If you’ve ever wandered the aisles of Costco and triumphantly scored a bargain five-pound jar of artichoke hearts, only to arrive home and realize you don’t own a restaurant and can never use said artichokes before they go bad, you’ll want to consult “The Costco Craze: Inside the Warehouse Giant,” a documentary debuting Thursday at 7 p.m. on CNBC.
The mind-numbingly bland warehouse decor is intentional. So is the lack of signage, the better to encourage roaming.
It’s all here: The psychology of the layout, the behind-the-scenes decisions about what odd mix of products to carry, the science of the pricing and the views of loyal card-carrying members who embrace a trip to Costco as more than an errand– an adventure.
CNBC reporter Carl Quintanilla follows Jim Sinegal, 76-year-old co-founder and CEO of Costco, on one of his regular private-jet marathon tours of several stores. The hour peeks in on the meetings of anxious vendors at Costco’s headquarters in Issaquah, WA, hoping to make a sale to the chain.
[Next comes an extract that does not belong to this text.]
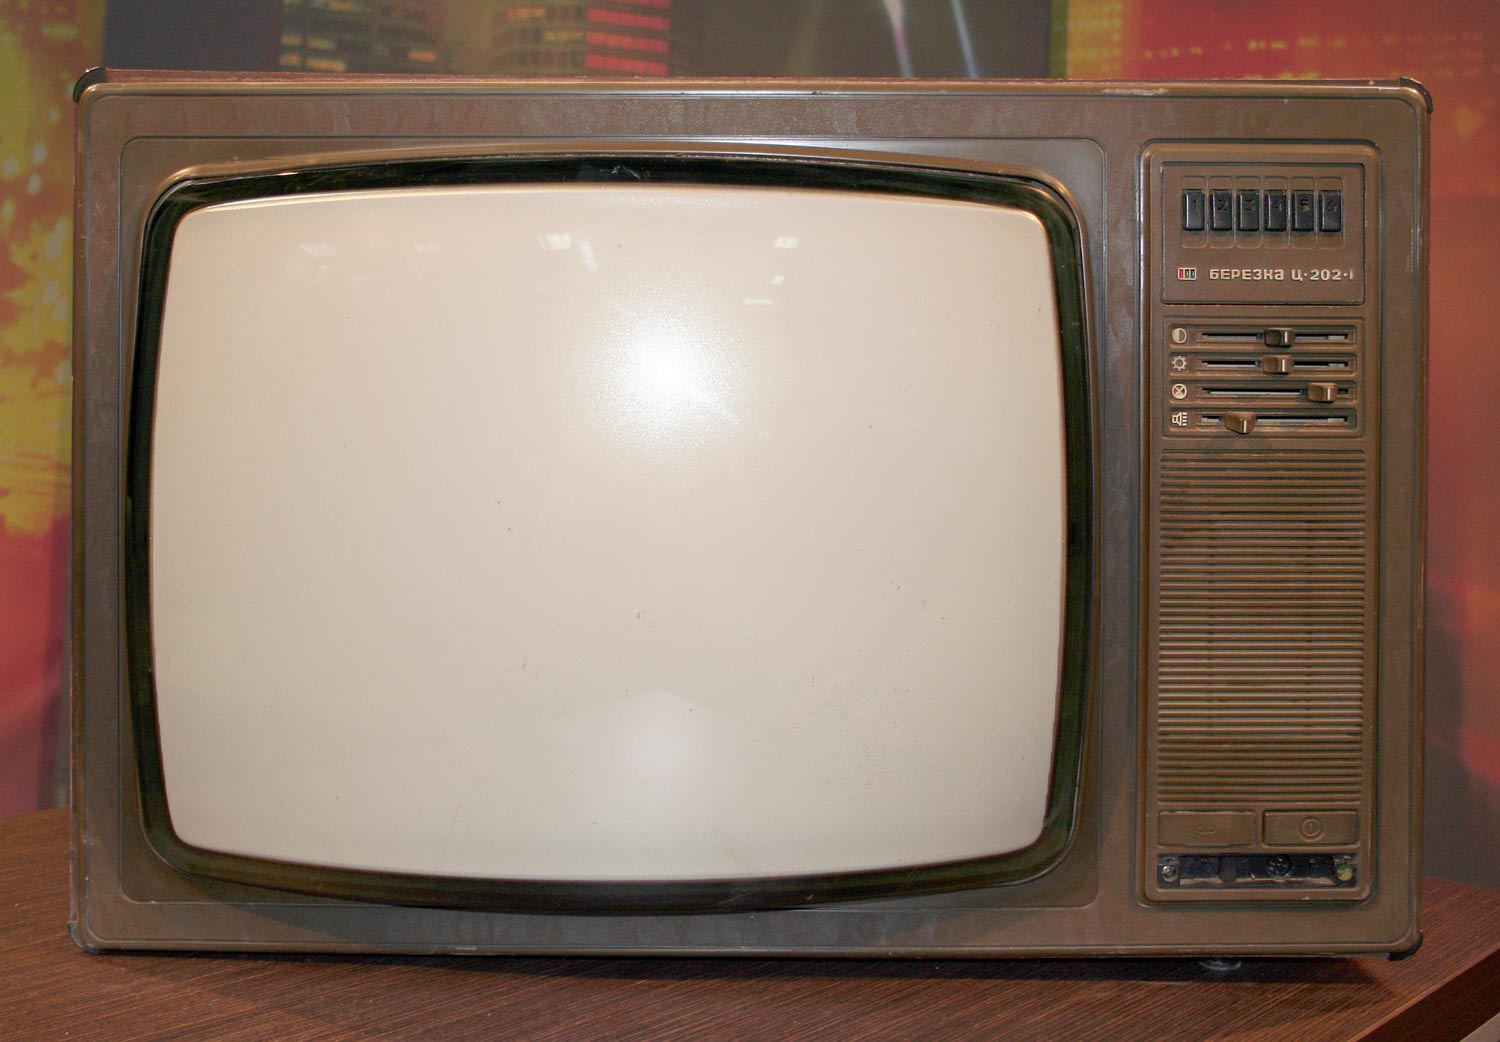 Куплю телевизор старый оскол. Телевизор Березка 202. Березка ц 202-1. Телевизор Березка цветной. Телевизор Березка ц208 кинескоп.

There are now 600 Costco stores doing $88 billion worth of annual business. Customers gush about in which they stun themselves at checkout by spending more than planned.
The array of merchandise — cereal to caskets, diamonds to dog food, gasoline to flat-screen TVs — is mind-boggling. They sell $4 billion worth of produce a year.
The single best seller, the hour reveals: toilet paper, under the store’s Kirkland brand label.